▸ **What the task asks**:
Below are records with pictures; copy word for word only the lines between the line with "Lãnh đạo Chi" and the line with "亞大國際學院院長陳英輝（右一），與學生分享亞大推行的318國際化計畫。", inclusive, and drop the pictures.

▸ **Given data**:
▬▬▬▬▬▬

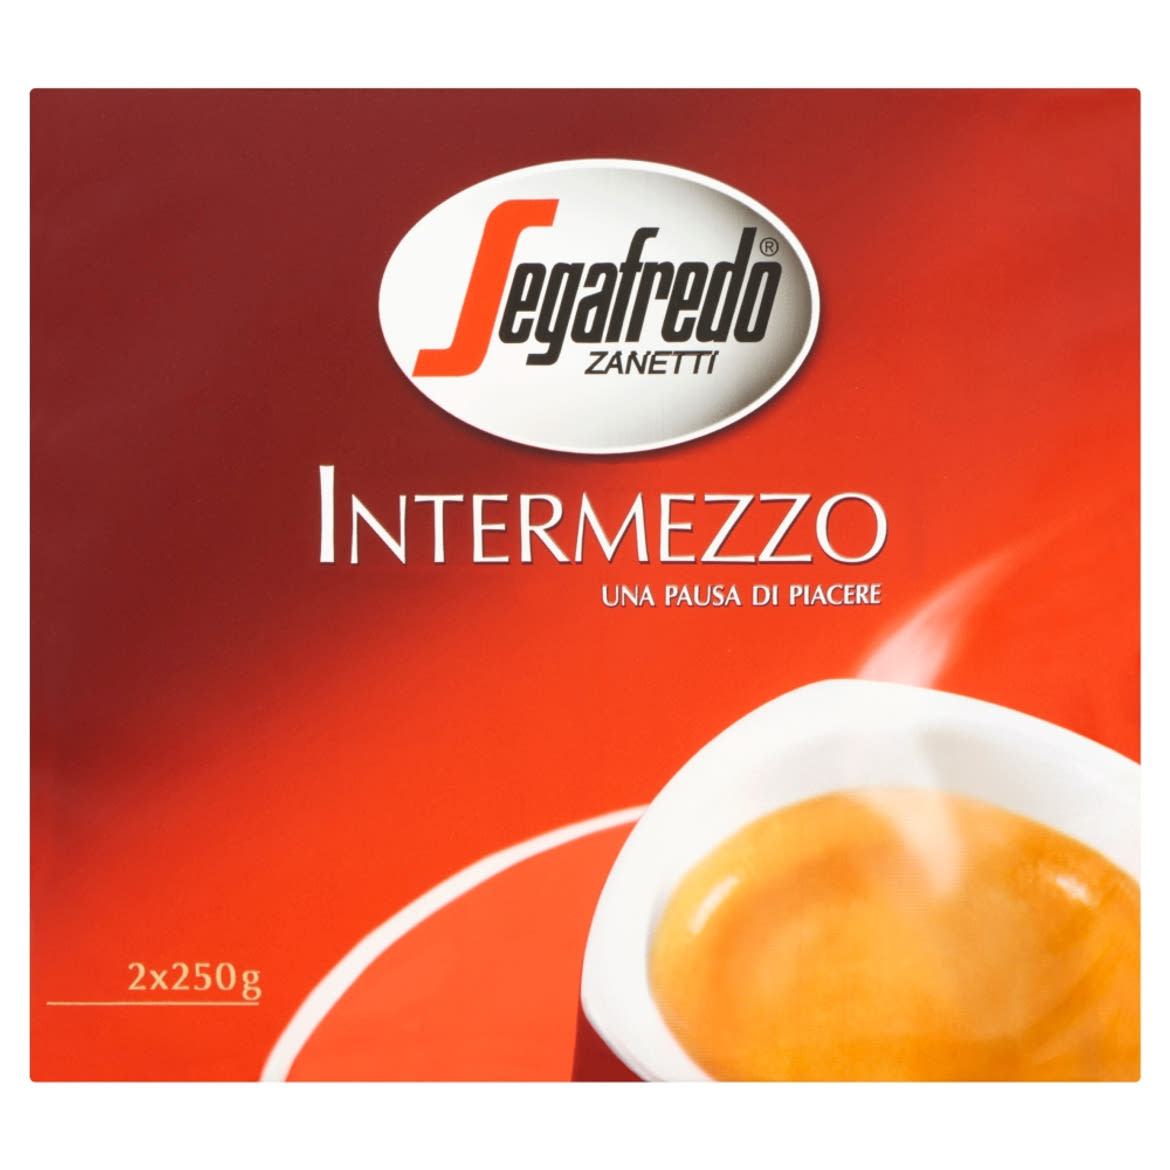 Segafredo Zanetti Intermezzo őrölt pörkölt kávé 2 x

▬▬▬▬▬▬

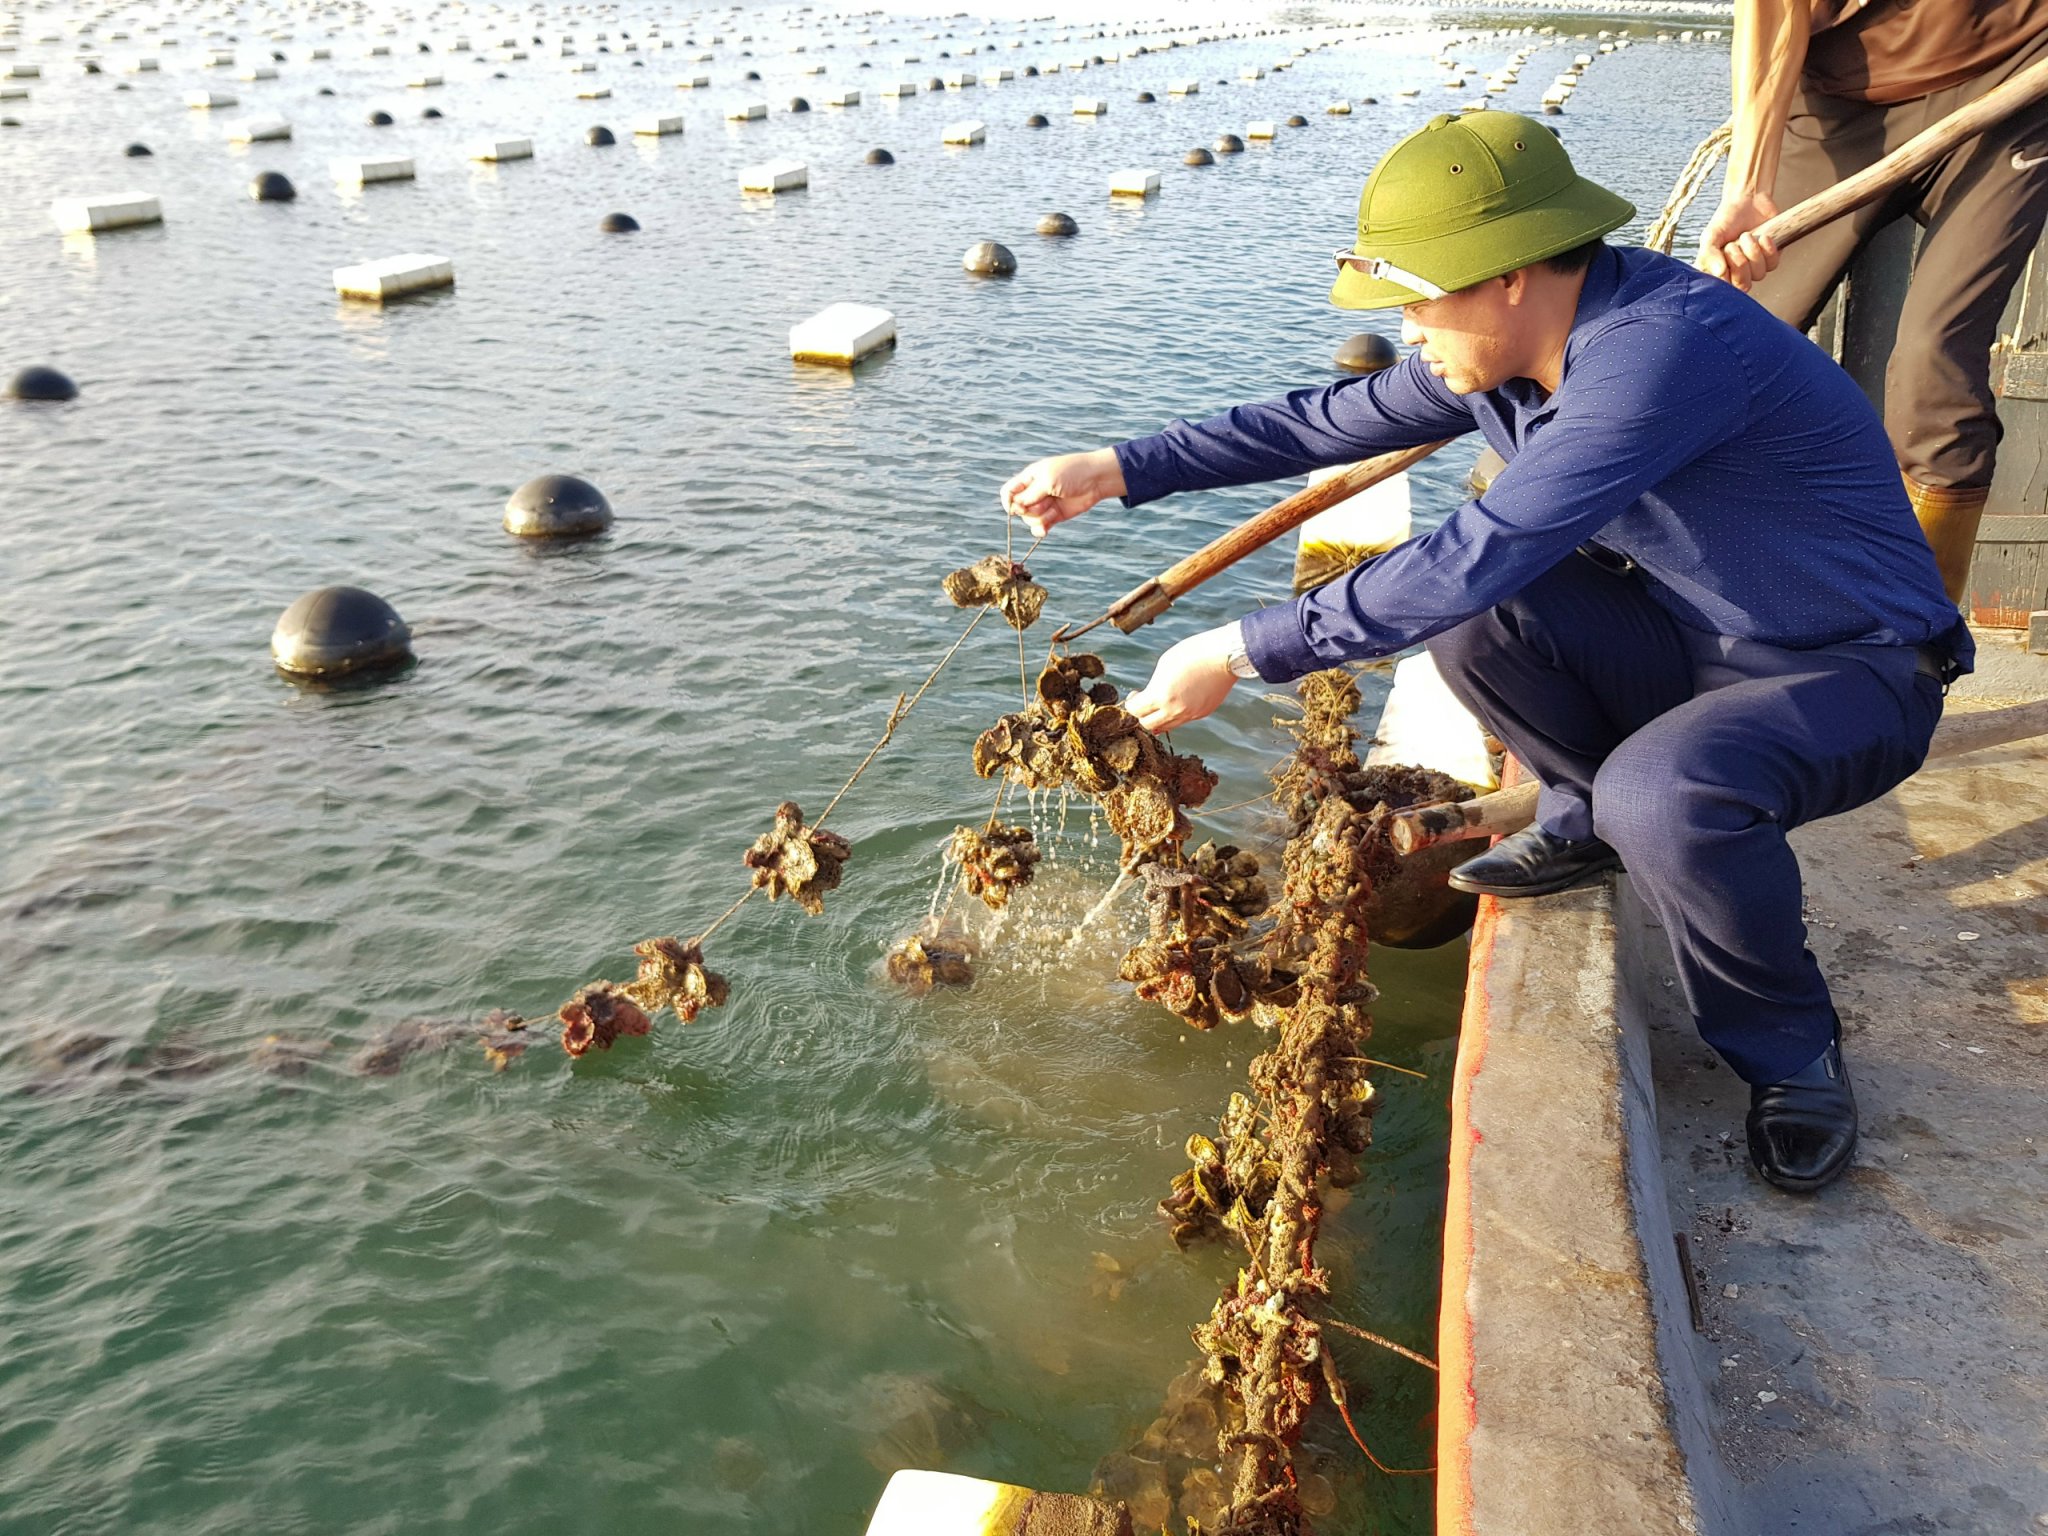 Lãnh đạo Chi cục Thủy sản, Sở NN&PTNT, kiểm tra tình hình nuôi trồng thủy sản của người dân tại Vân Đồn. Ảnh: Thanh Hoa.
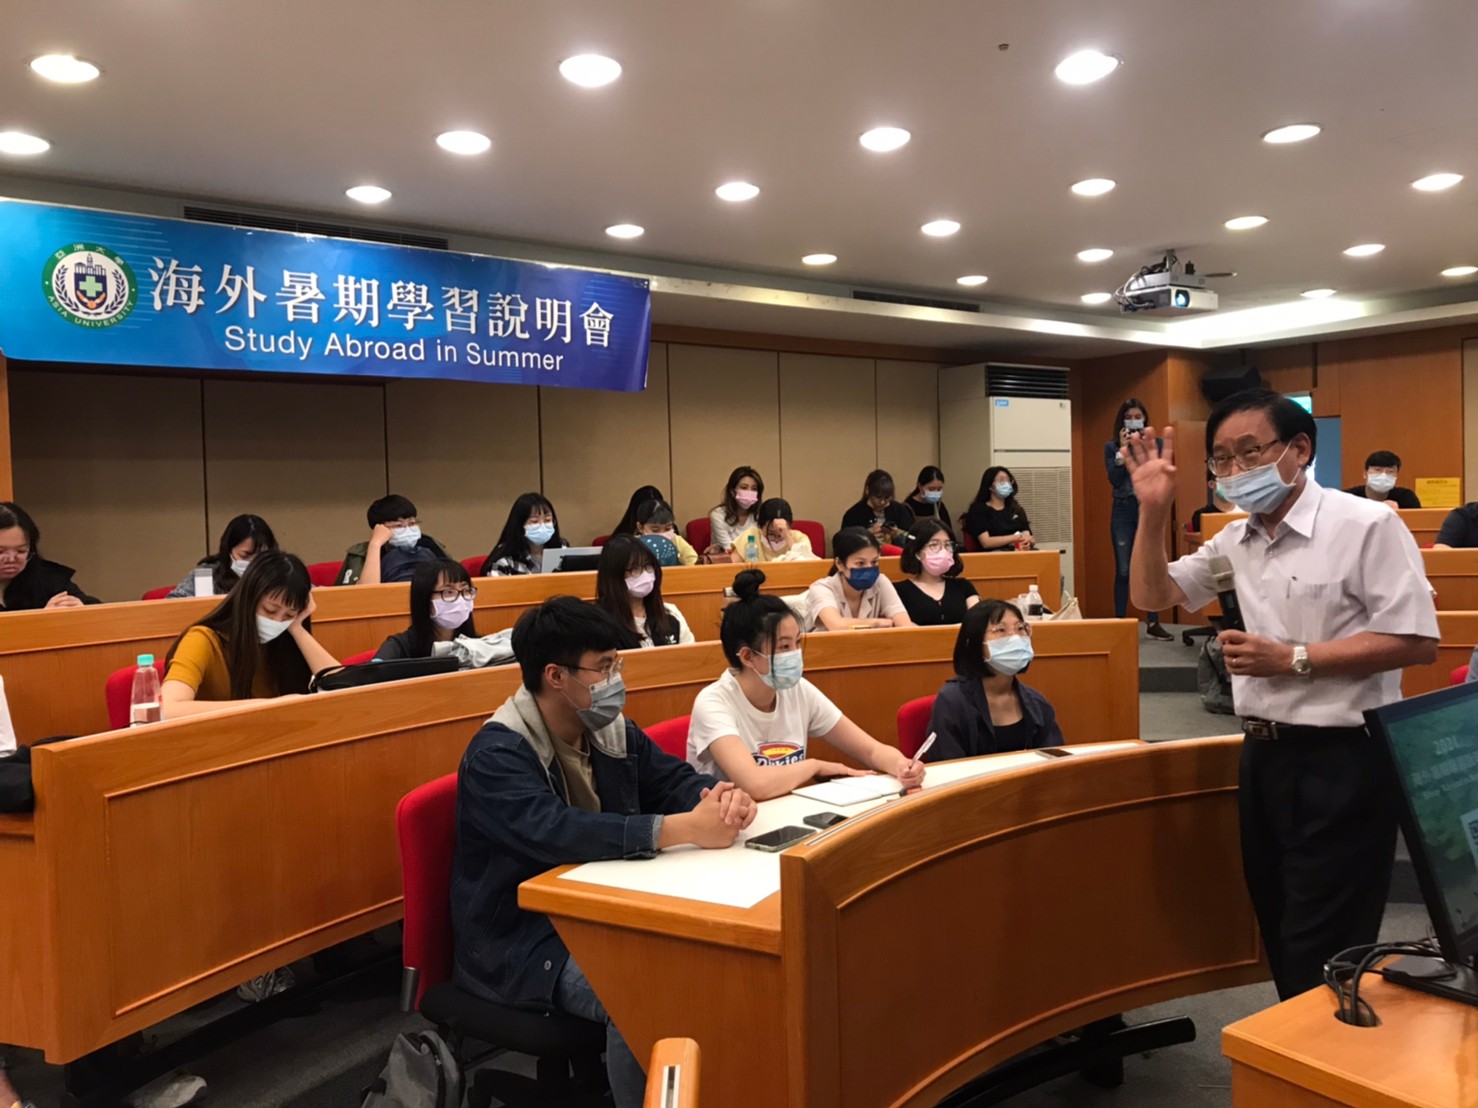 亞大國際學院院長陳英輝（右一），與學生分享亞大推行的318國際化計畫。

▬▬▬▬▬▬

▸ **Exercise output**:
 Lãnh đạo Chi cục Thủy sản, Sở NN&PTNT, kiểm tra tình hình nuôi trồng thủy sản của người dân tại Vân Đồn. Ảnh: Thanh Hoa.
 亞大國際學院院長陳英輝（右一），與學生分享亞大推行的318國際化計畫。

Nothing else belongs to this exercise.